De vraag is echter of we ‘normaal’ wel zo eenduidig van ‘ziek’ kunnen onderscheiden. De resultaten
van de filosofische methode die gewoonlijk ingezet wordt om te bepalen wat ‘ziekte’ is, de
zogenaamde conceptuele analyse, laten zien dat dit niet vanzelfsprekend is. Van grensgevallen kan
moeilijk bepaald worden of er al dan niet sprake is van een ziekte en het zijn precies de grensgevallen
die veelal centraal staan in de discussie rondom medicalisering.

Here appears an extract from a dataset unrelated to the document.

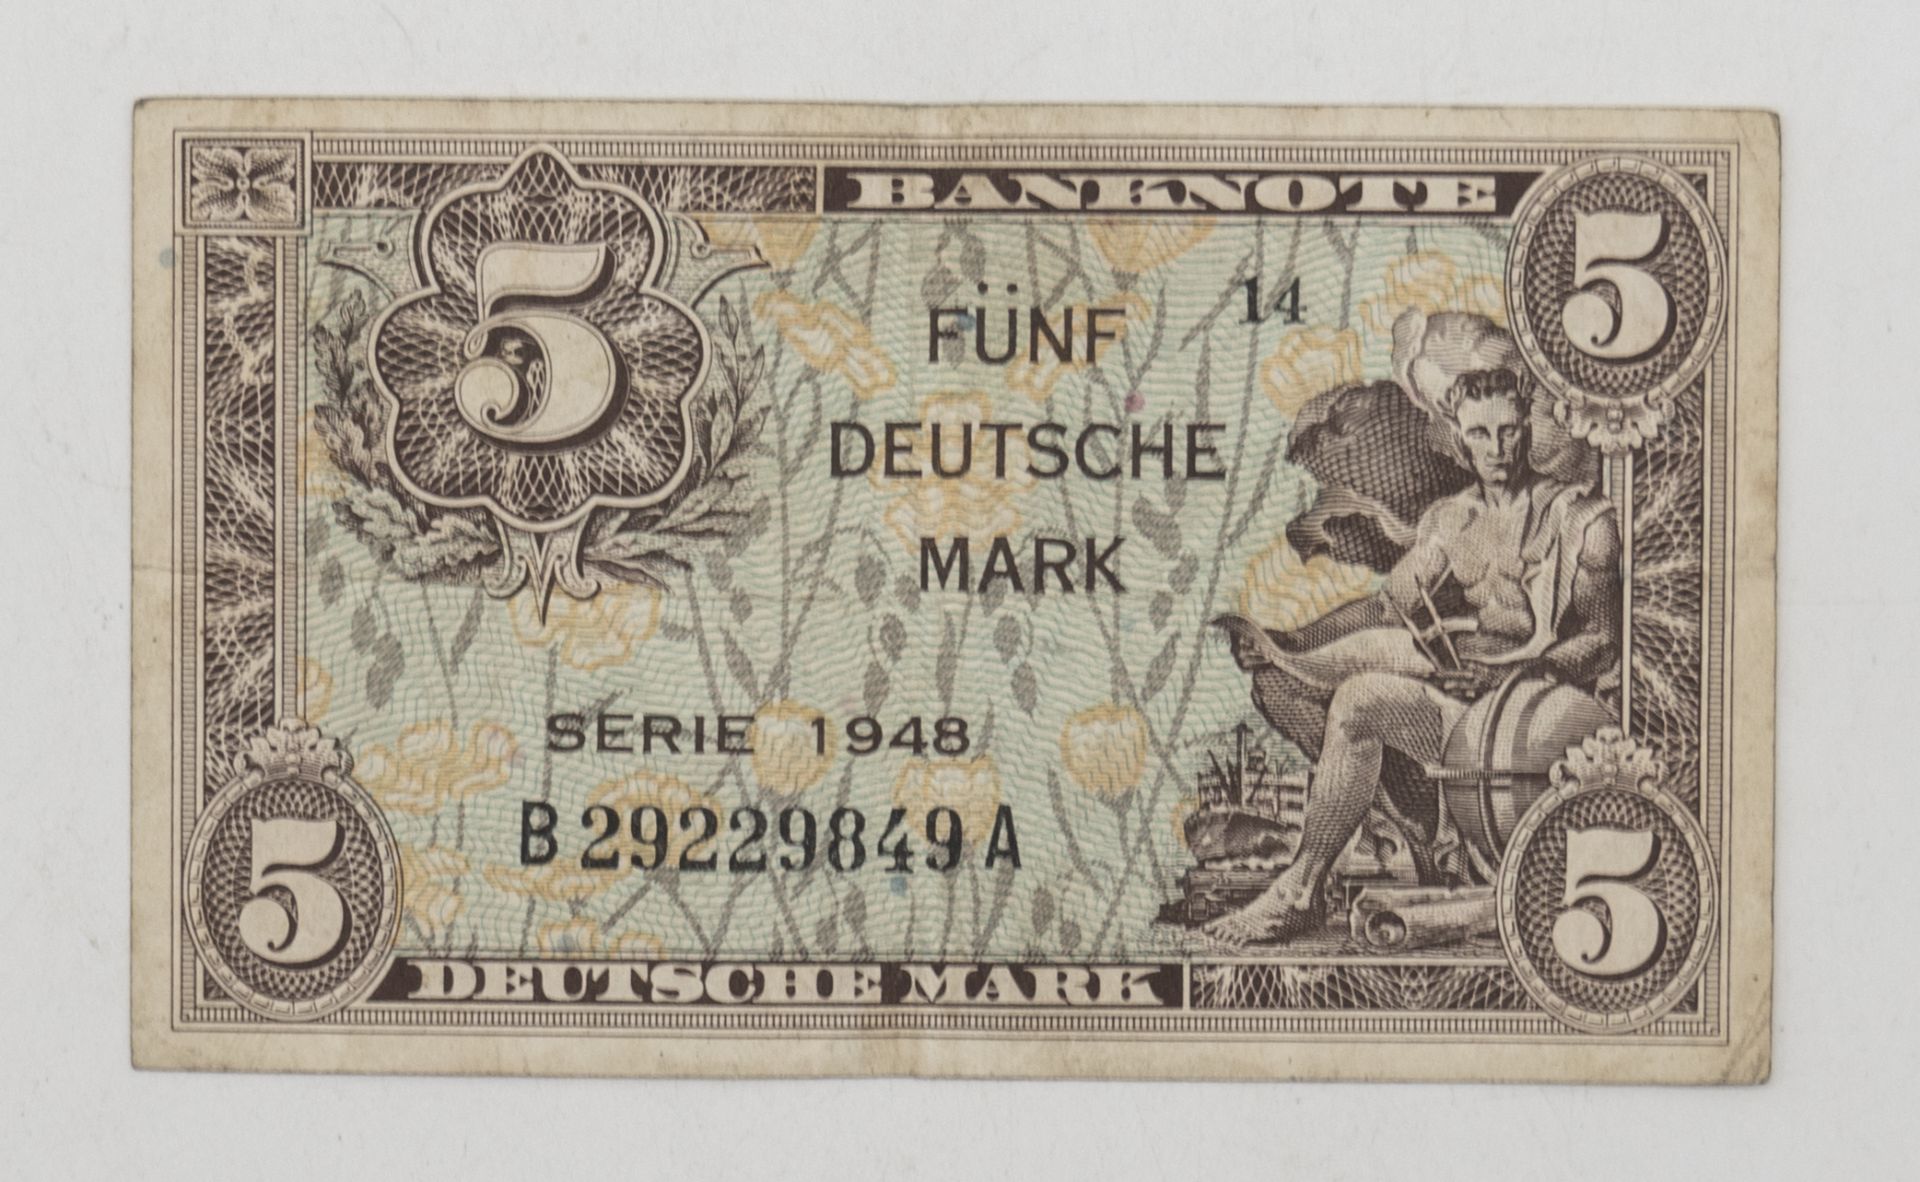 Deutschland 1948, 5 Deutsche Mark - Banknote. Erhaltung: vz.

We laten zien dat deze vaststelling
niet consequent doordacht wordt door critici van medicalisering. Onze vaststelling impliceert
geenszins dat de medicalisering onproblematisch is, maar het betekent wel dat de critici van die
medicalisering vaak onjuiste filosofische aannames als uitgangspunt nemen.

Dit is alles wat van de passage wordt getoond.